Position: Bayesian Statistics Facilitates Stakeholder Participation in Evaluation of Generative AI
This addresses the need for more robust evaluation methods in Generative AI for public policy and decision-making, though it appears incremental as it applies existing Bayesian methods to this domain.
The paper tackles the problem of evaluating Generative AI systems by proposing Bayesian statistics as a framework to incorporate stakeholder perspectives and quantify uncertainty, aiming to enhance fairness, transparency, and reliability in assessments.
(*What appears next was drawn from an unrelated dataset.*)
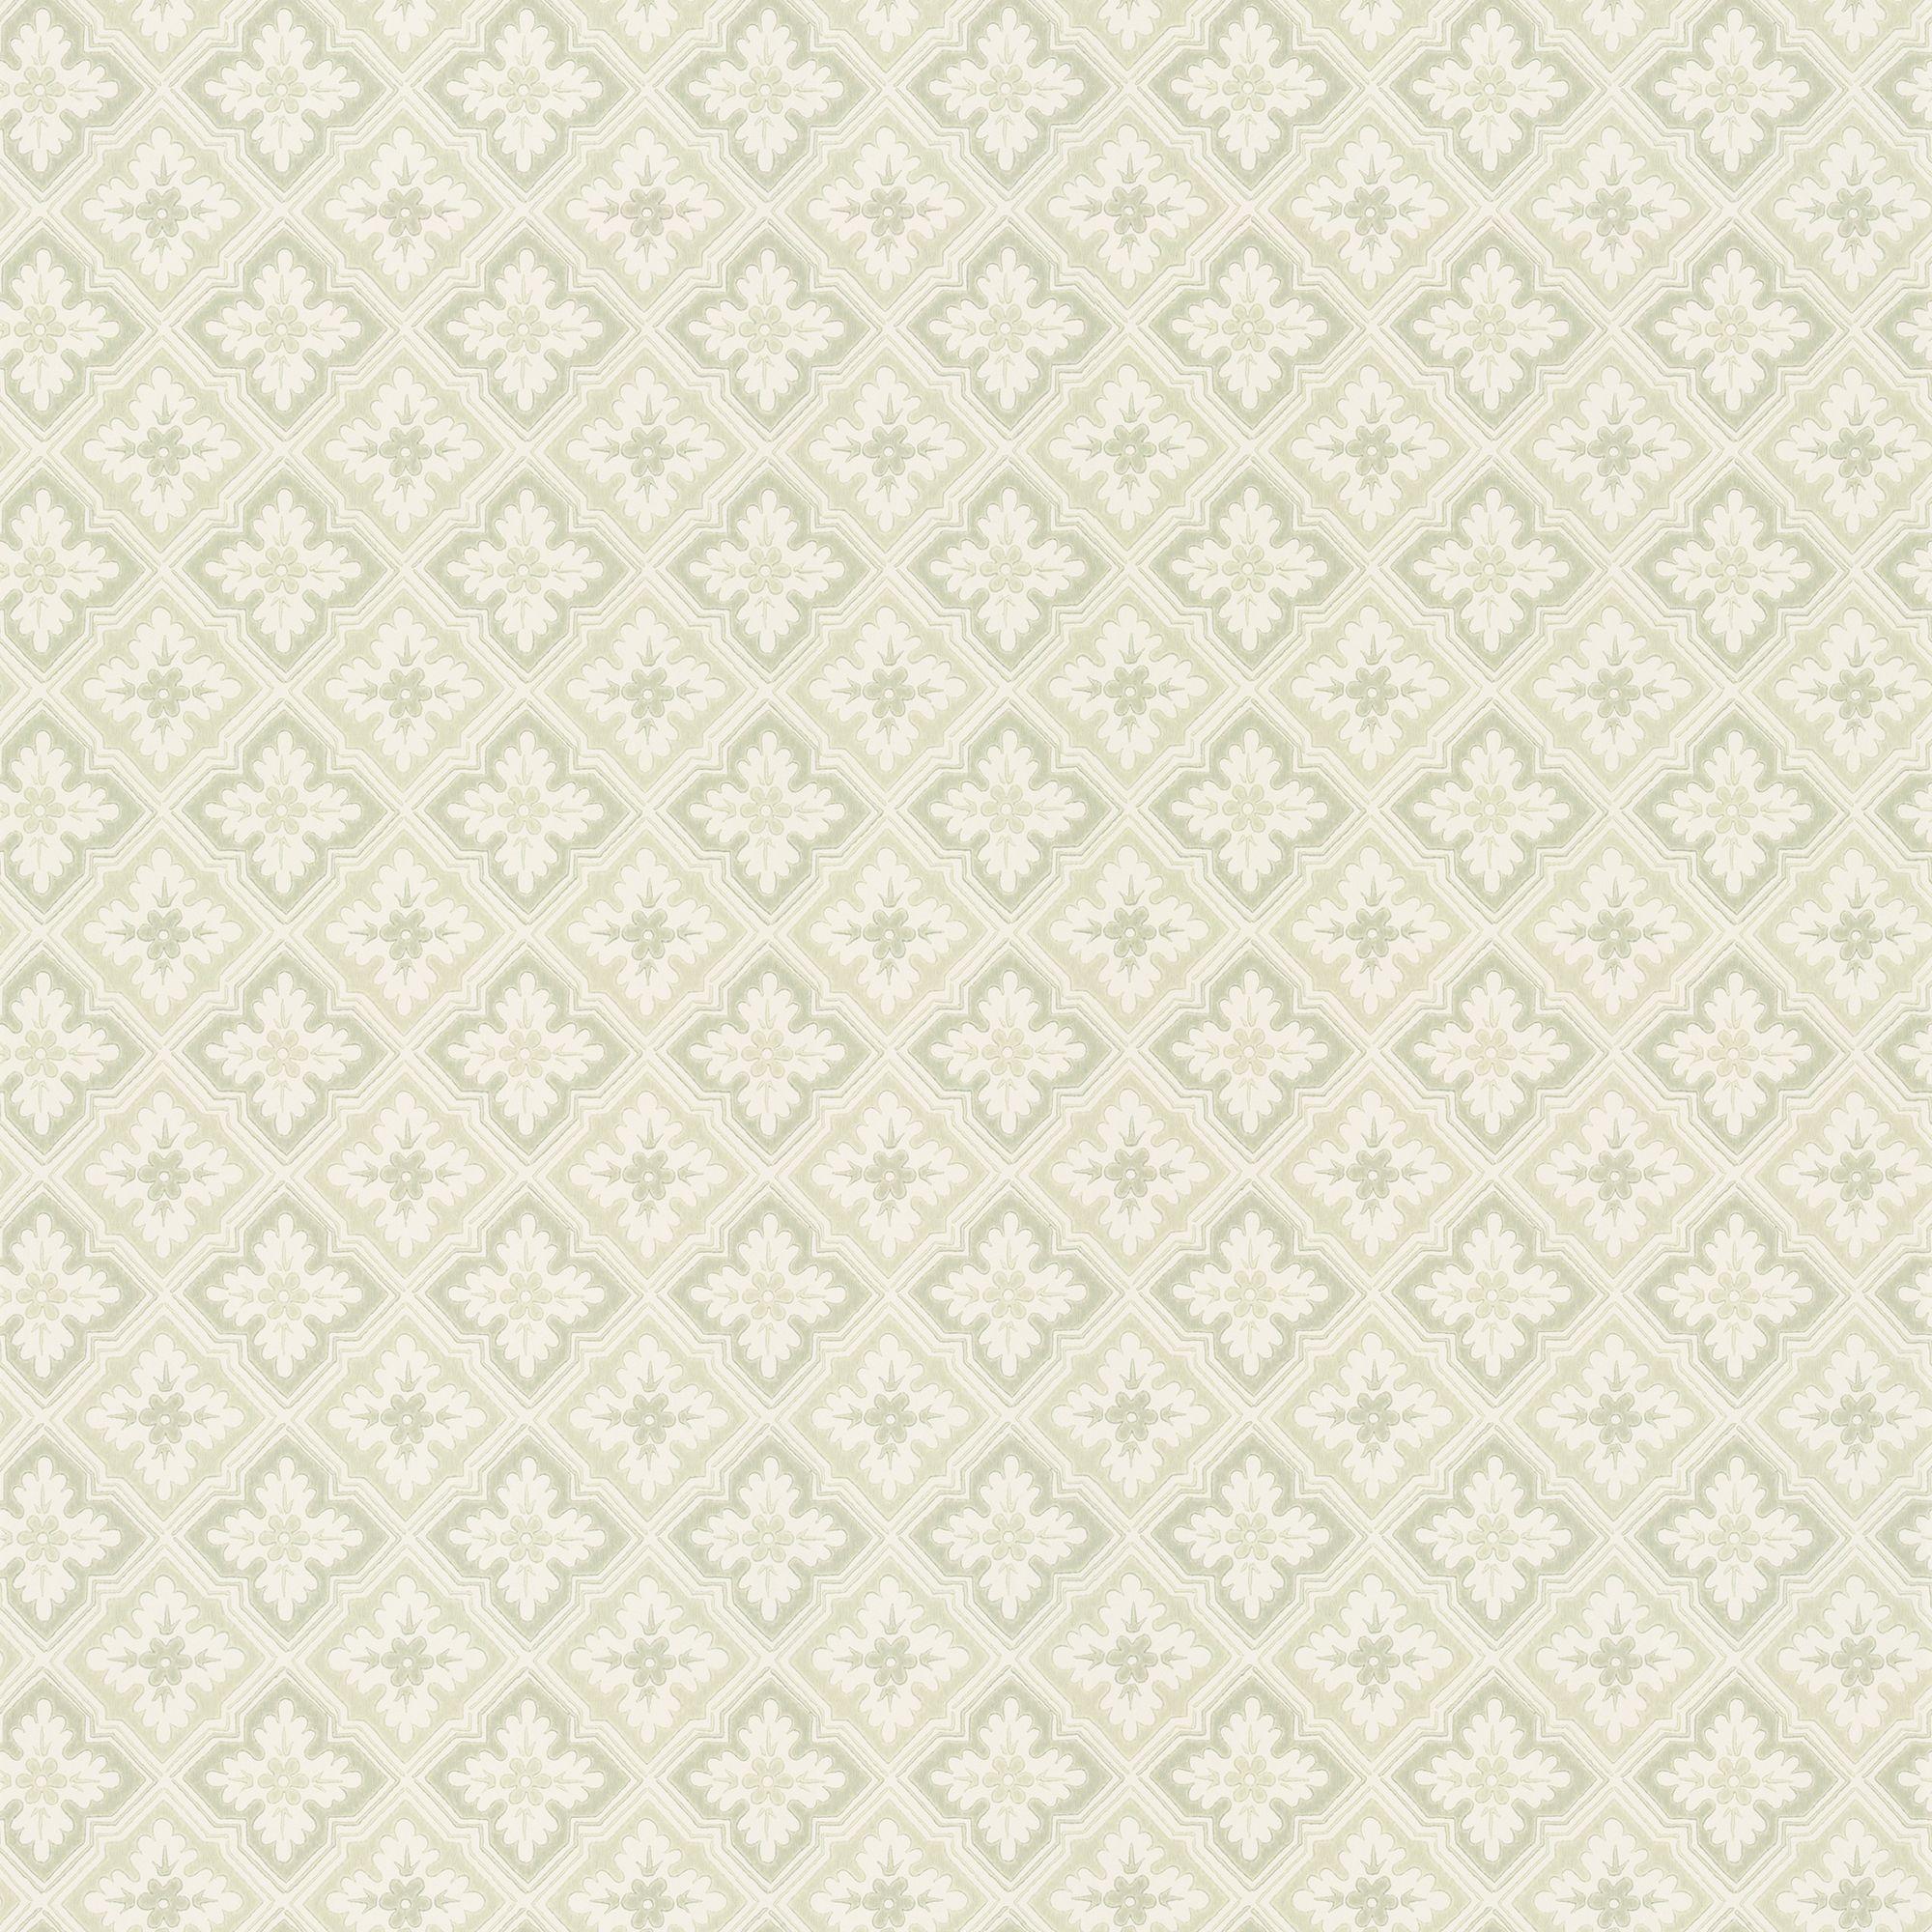 Types Of Wallpaper Coverings: Tapet Edvin Grön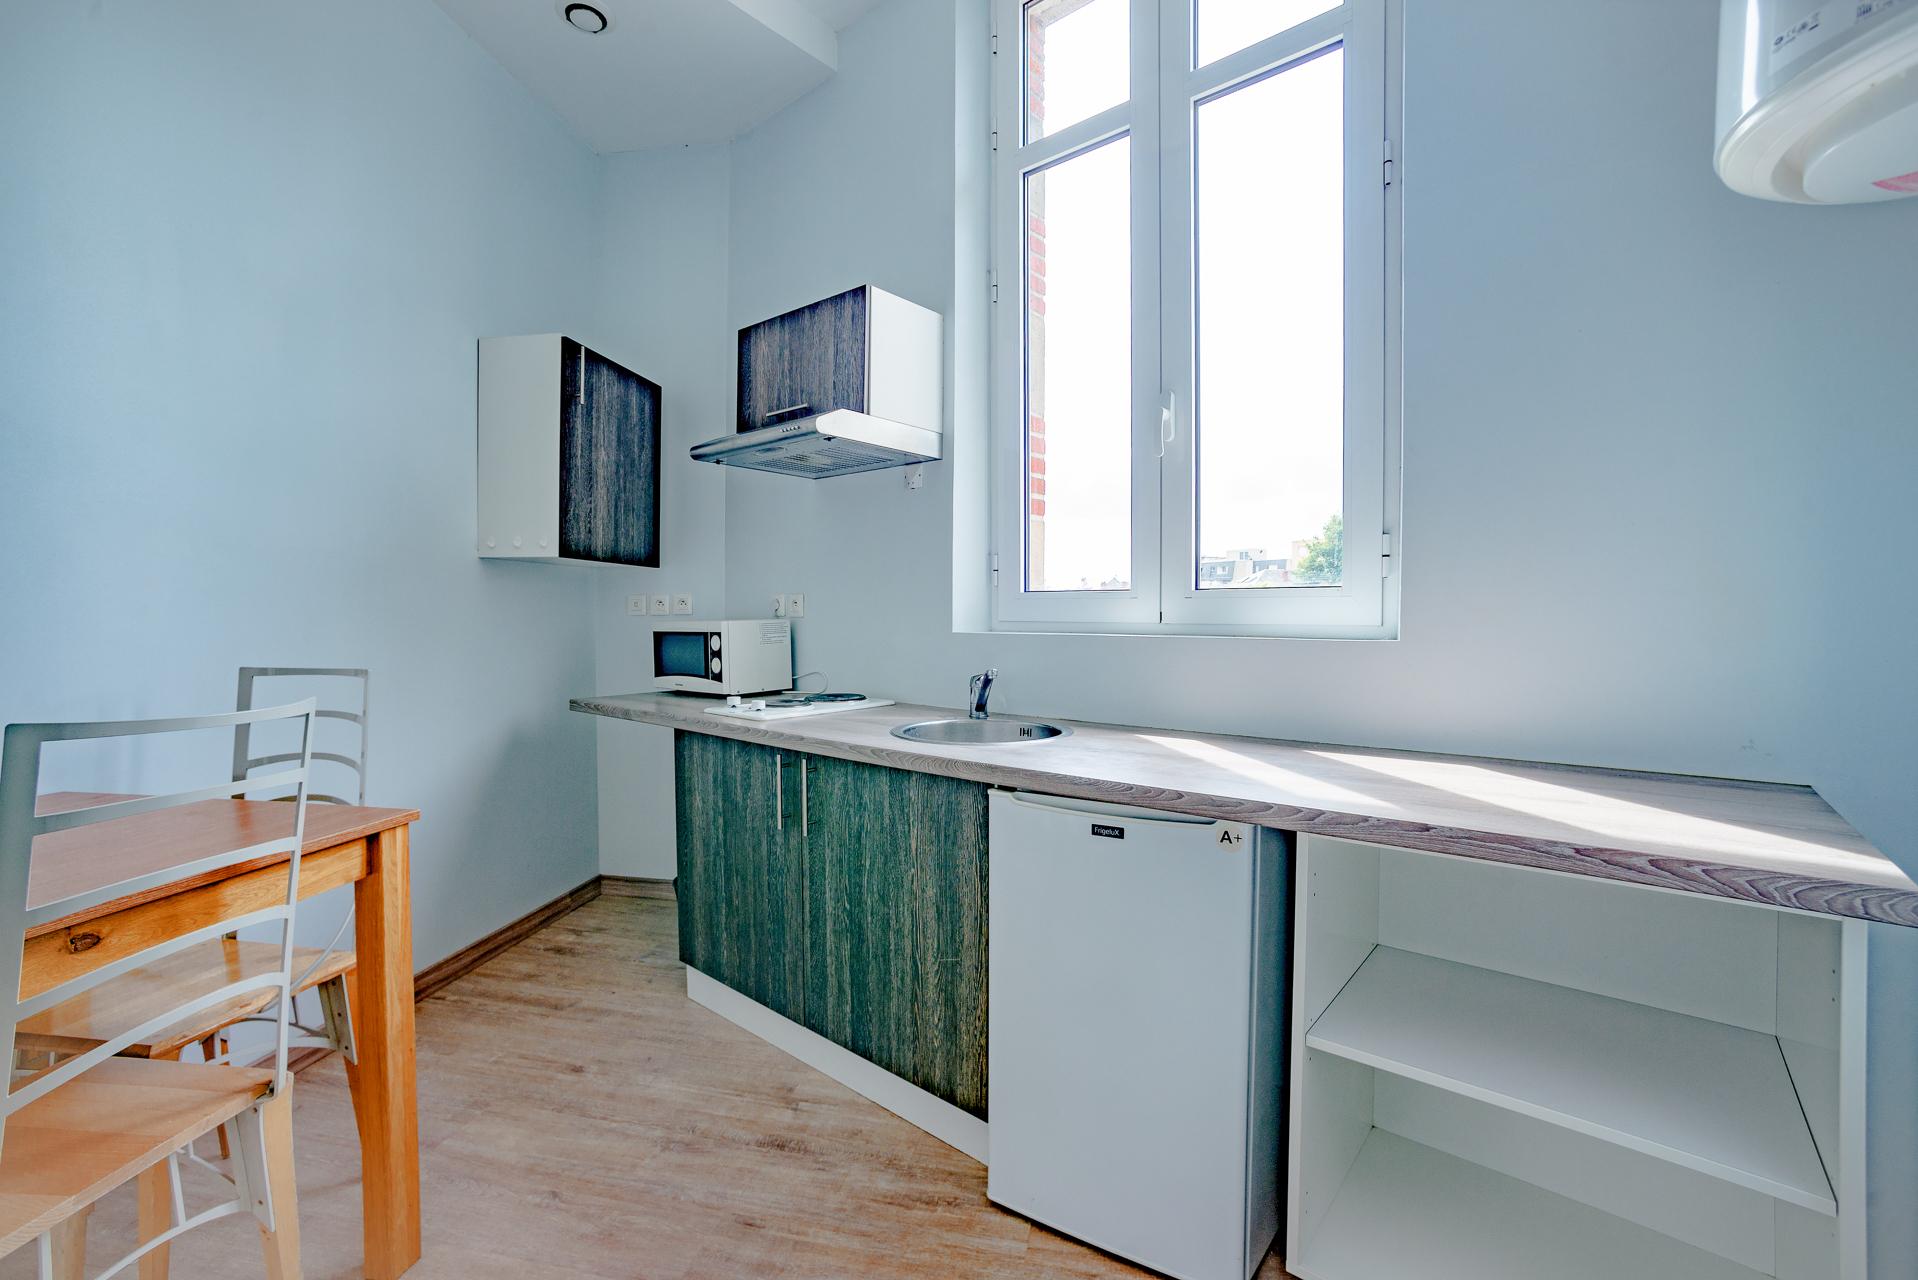 Kitchen Studio 207 - photo 2

The evaluation of Generative AI (GenAI) systems plays a critical role in public policy and decision-making, yet existing methods are often limited by reliance on benchmark-driven, point-estimate comparisons that fail to capture uncertainty and broader societal impacts. This paper argues for the use of Bayesian statistics as a principled framework to address these challenges. Bayesian methods enable the integration of domain expertise through prior elicitation, allow for continuous learning from new data, and provide robust uncertainty quantification via posterior inference. We demonstrate how Bayesian inference can be applied to GenAI evaluation, particularly in incorporating stakeholder perspectives to enhance fairness, transparency, and reliability. Furthermore, we discuss Bayesian workflows as an iterative process for model validation and refinement, ensuring robust assessments of GenAI systems in dynamic, real-world contexts.